Recorded information ->
+++++

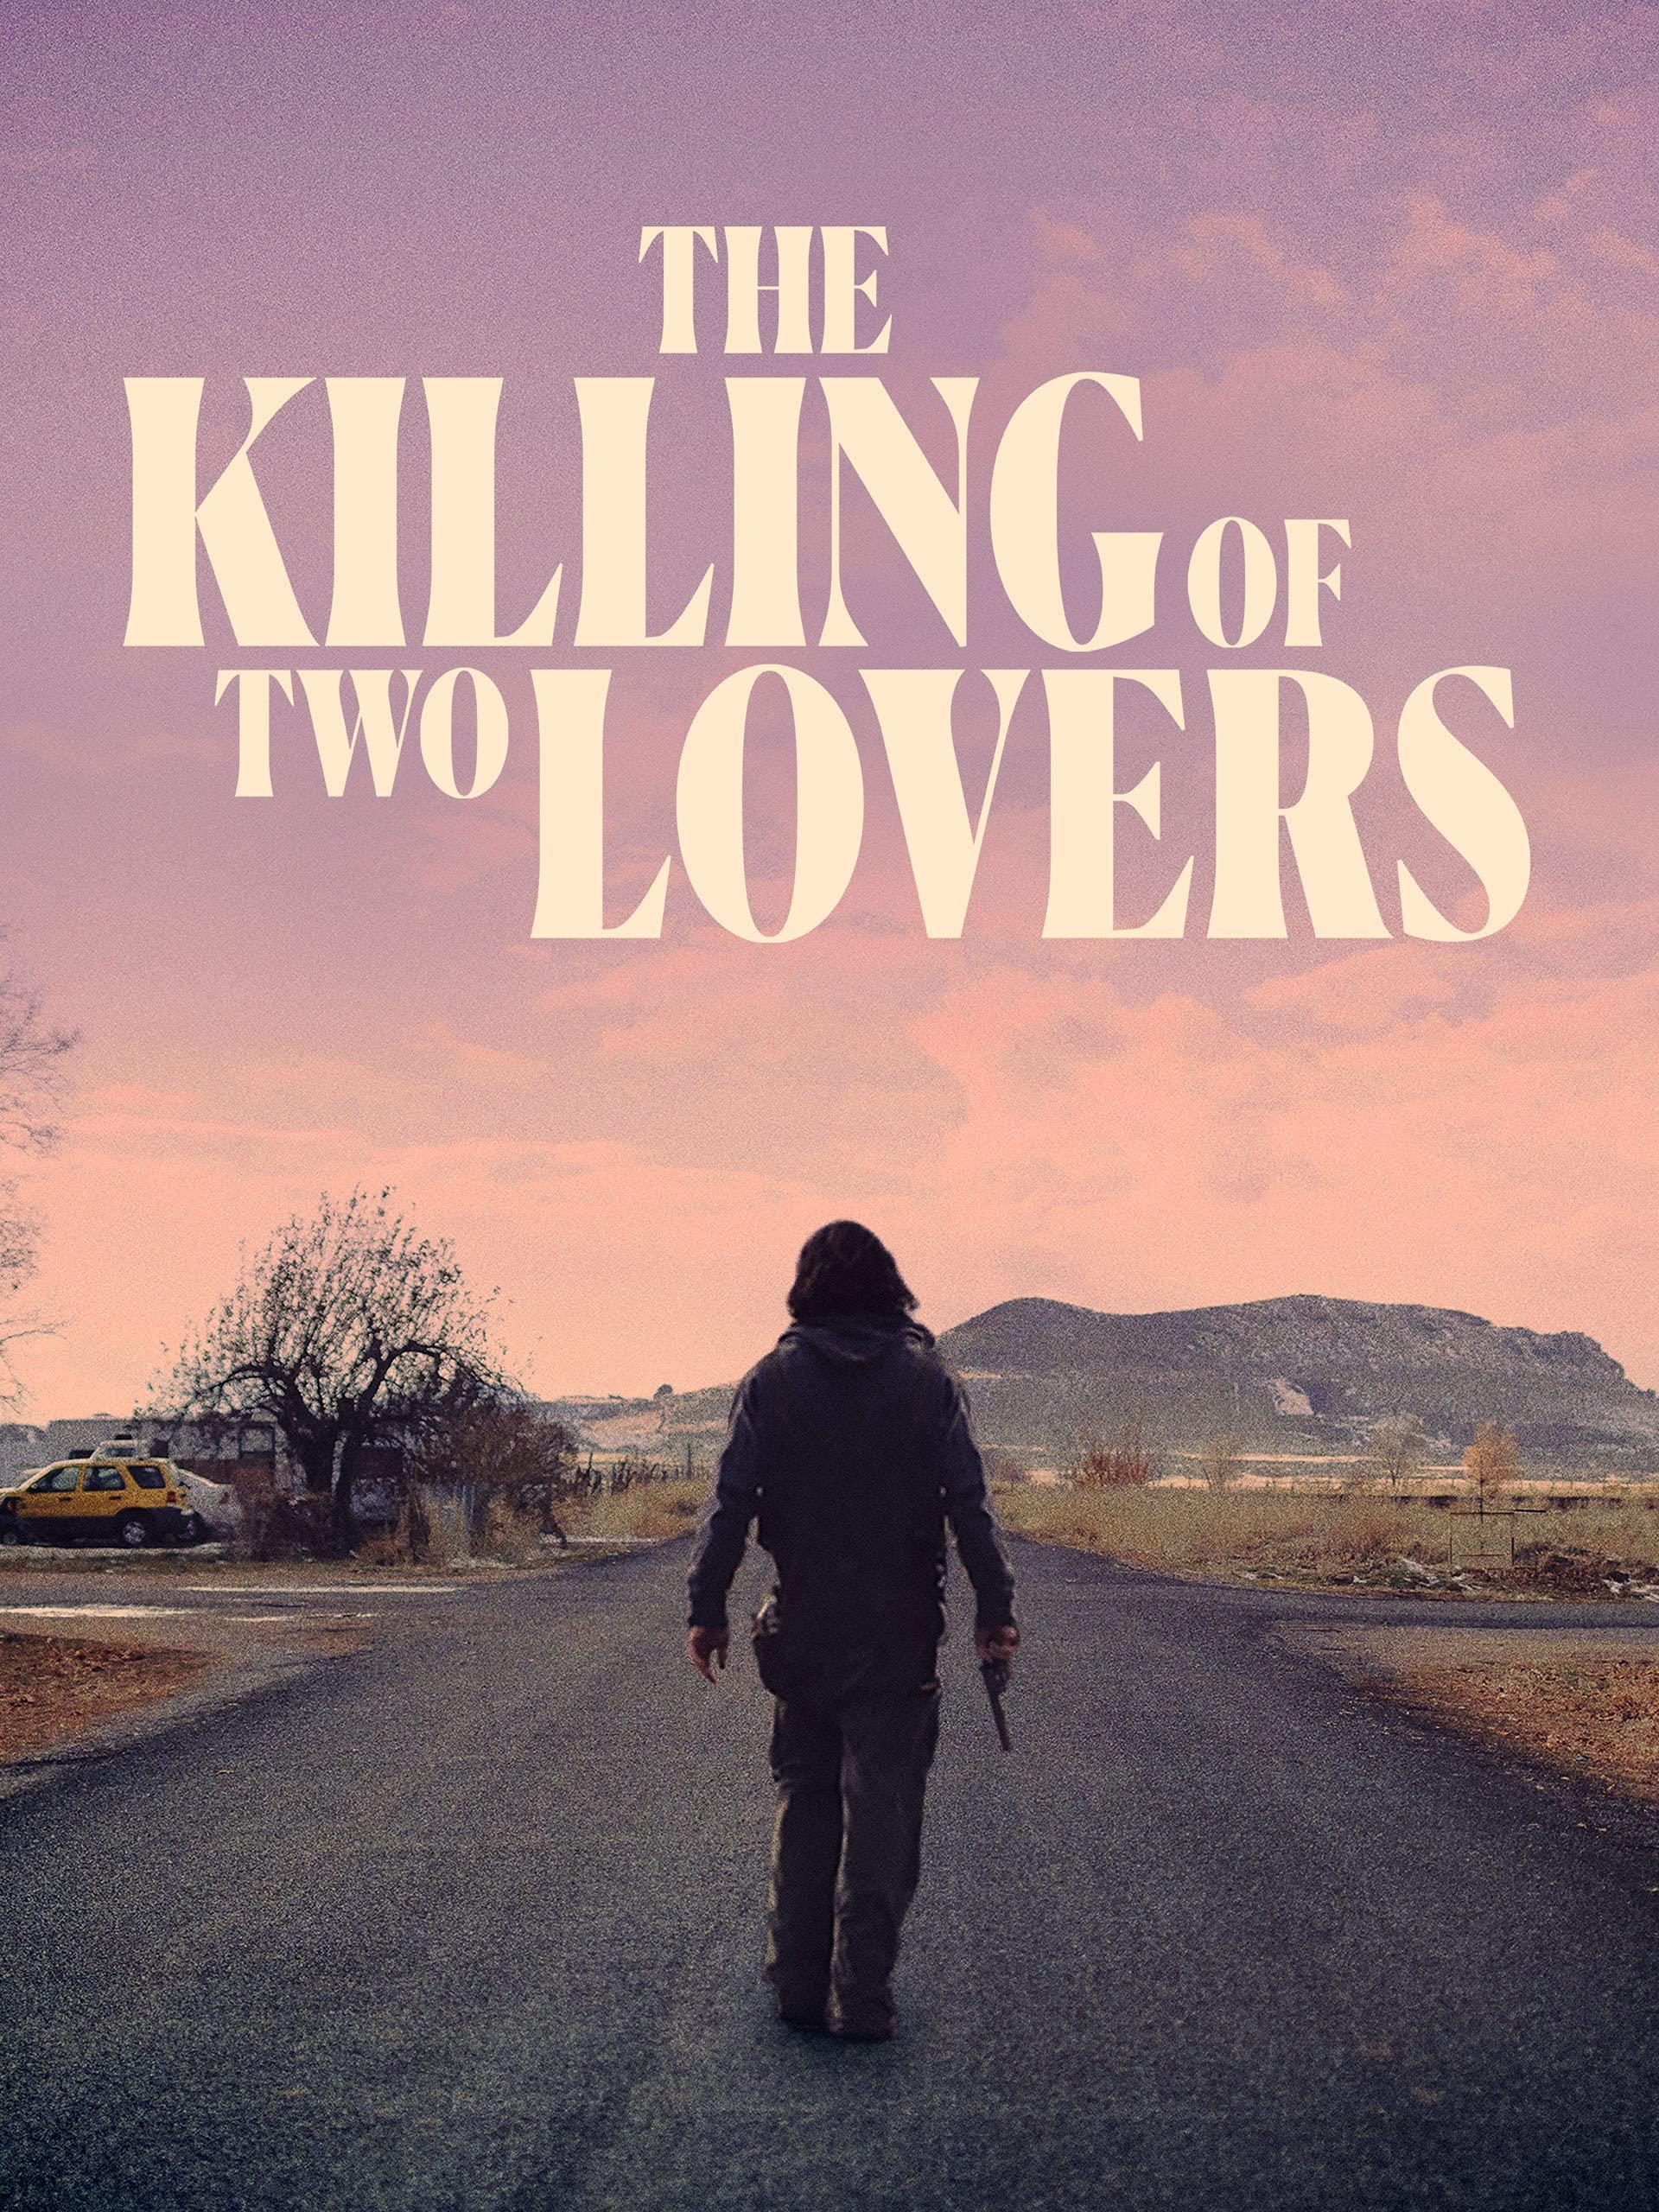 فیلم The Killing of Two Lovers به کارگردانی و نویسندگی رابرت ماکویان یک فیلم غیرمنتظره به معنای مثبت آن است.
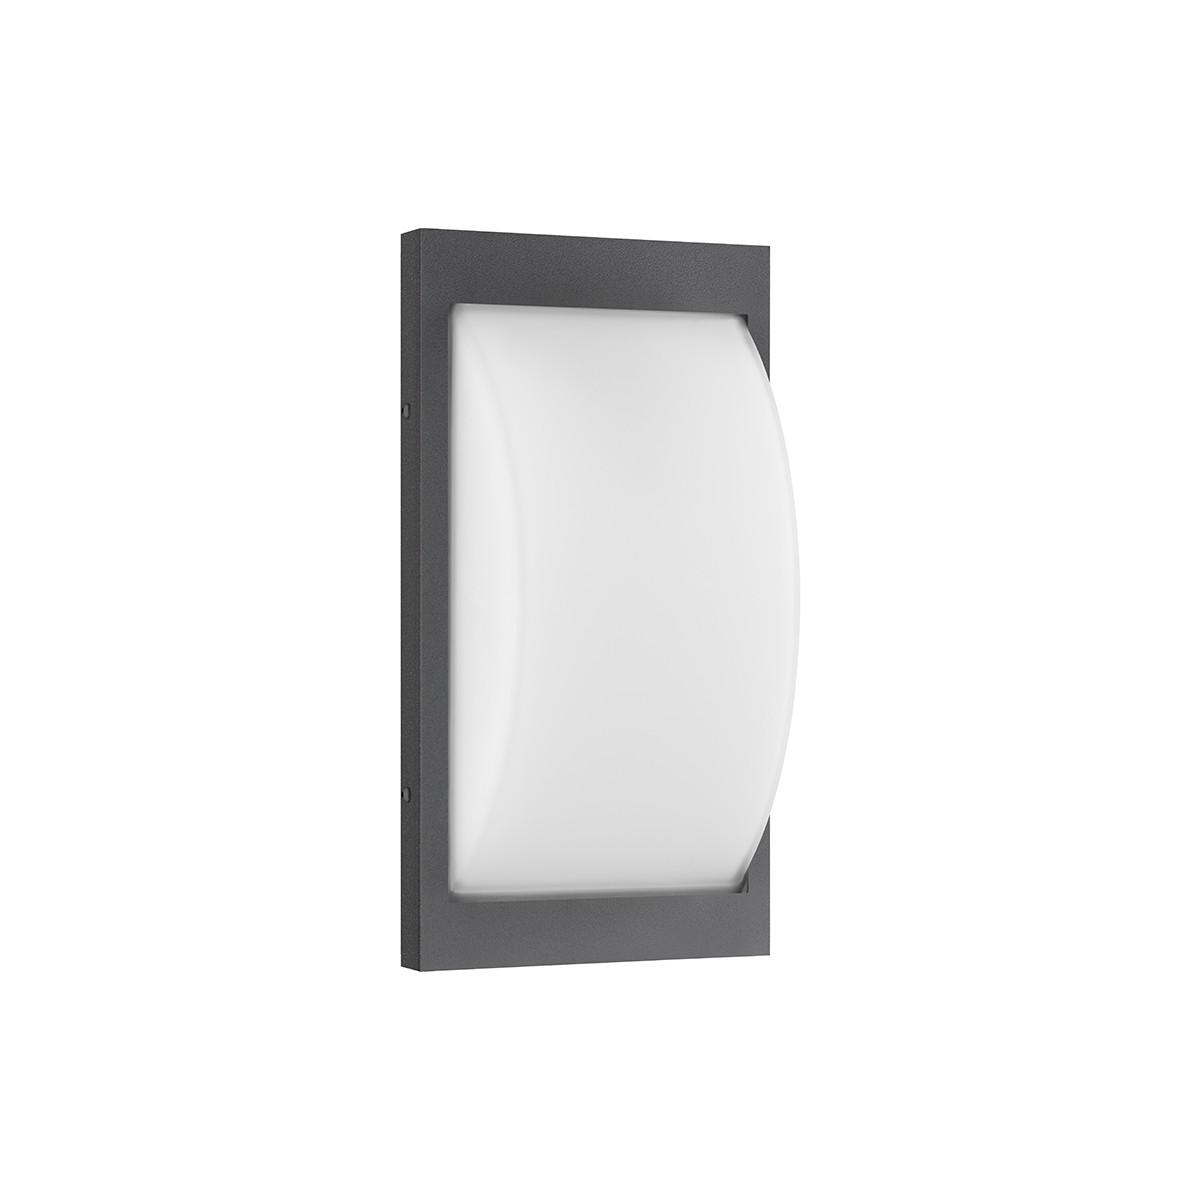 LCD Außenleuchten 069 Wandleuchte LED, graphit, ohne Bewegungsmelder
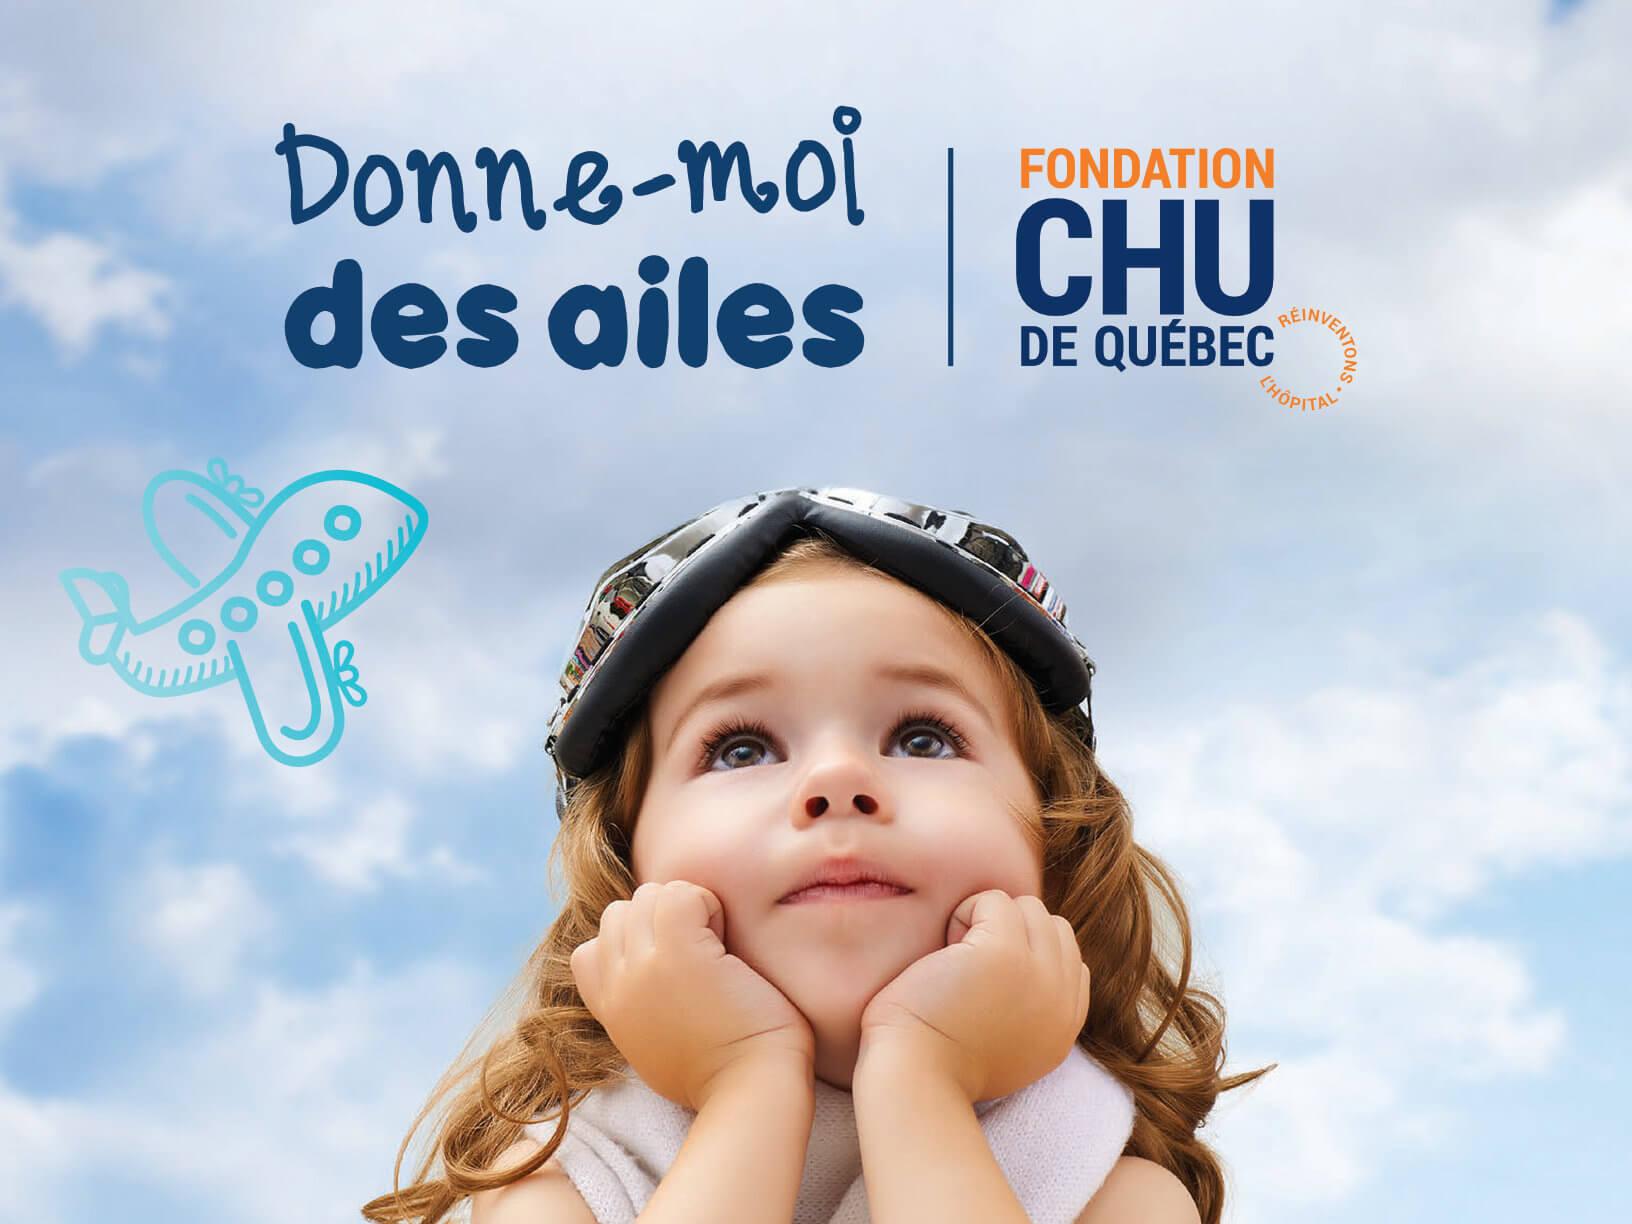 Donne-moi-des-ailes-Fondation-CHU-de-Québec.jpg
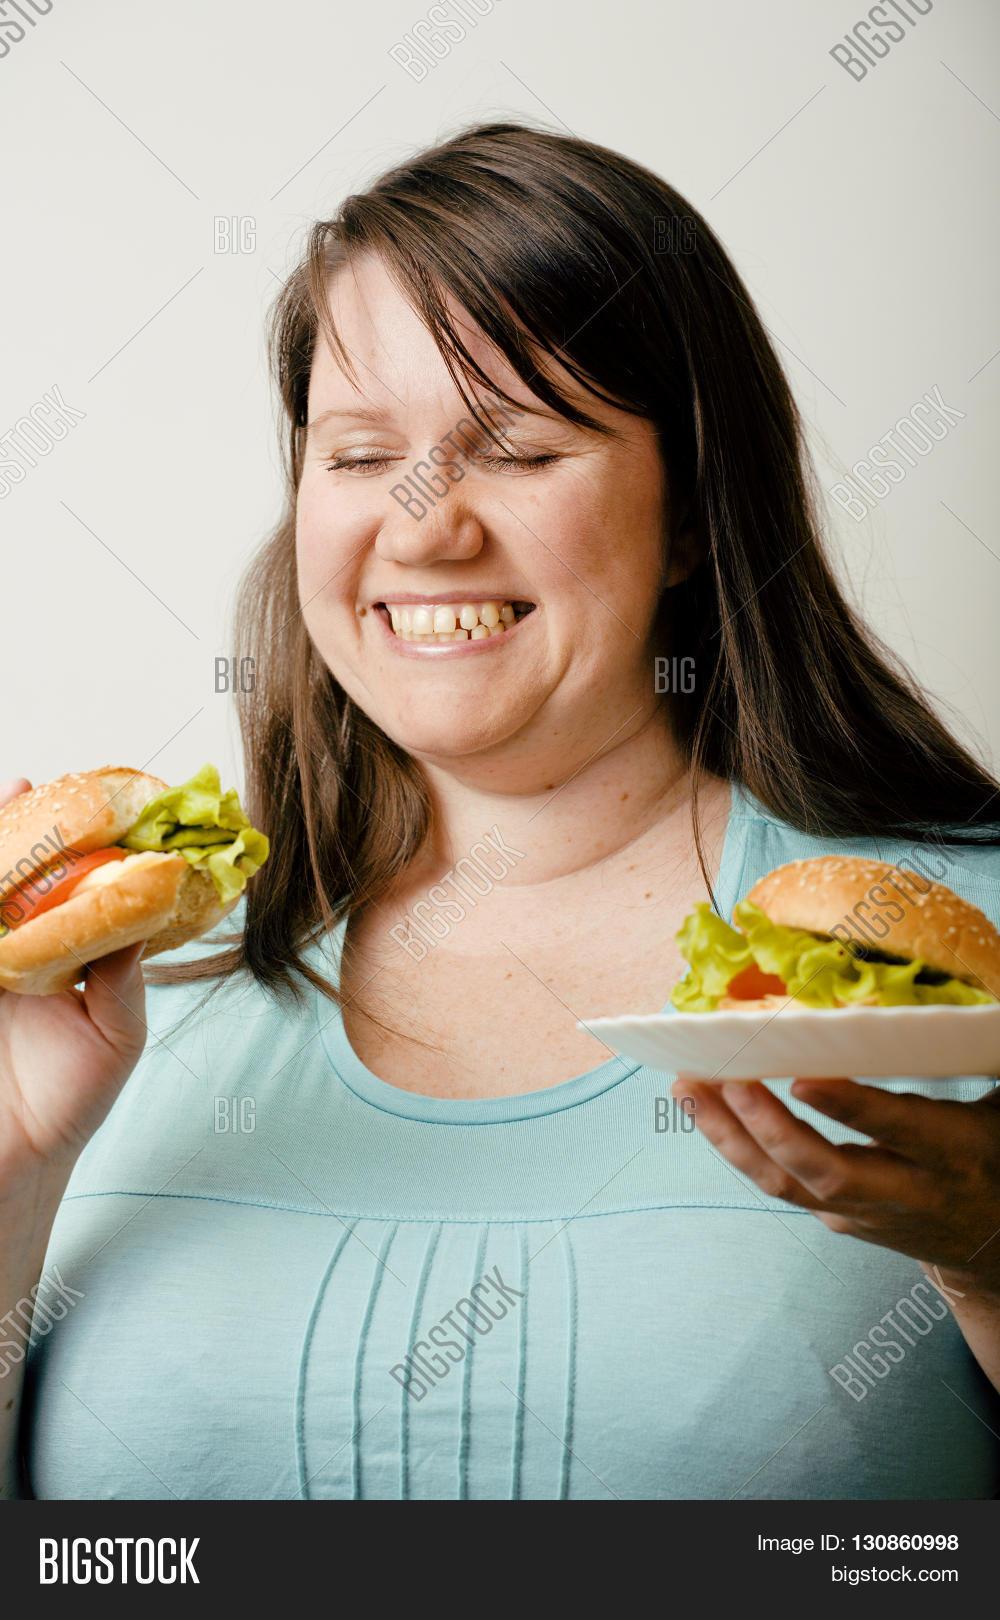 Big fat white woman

+++++

Work task ->
Your task is to retype exactly the lines that run from the line with "LCD Außenleuchten 069" through the last line of the material, with the pictures left out.

The completed task ->
 LCD Außenleuchten 069 Wandleuchte LED, graphit, ohne Bewegungsmelder
 Donne-moi-des-ailes-Fondation-CHU-de-Québec.jpg
 Big fat white woman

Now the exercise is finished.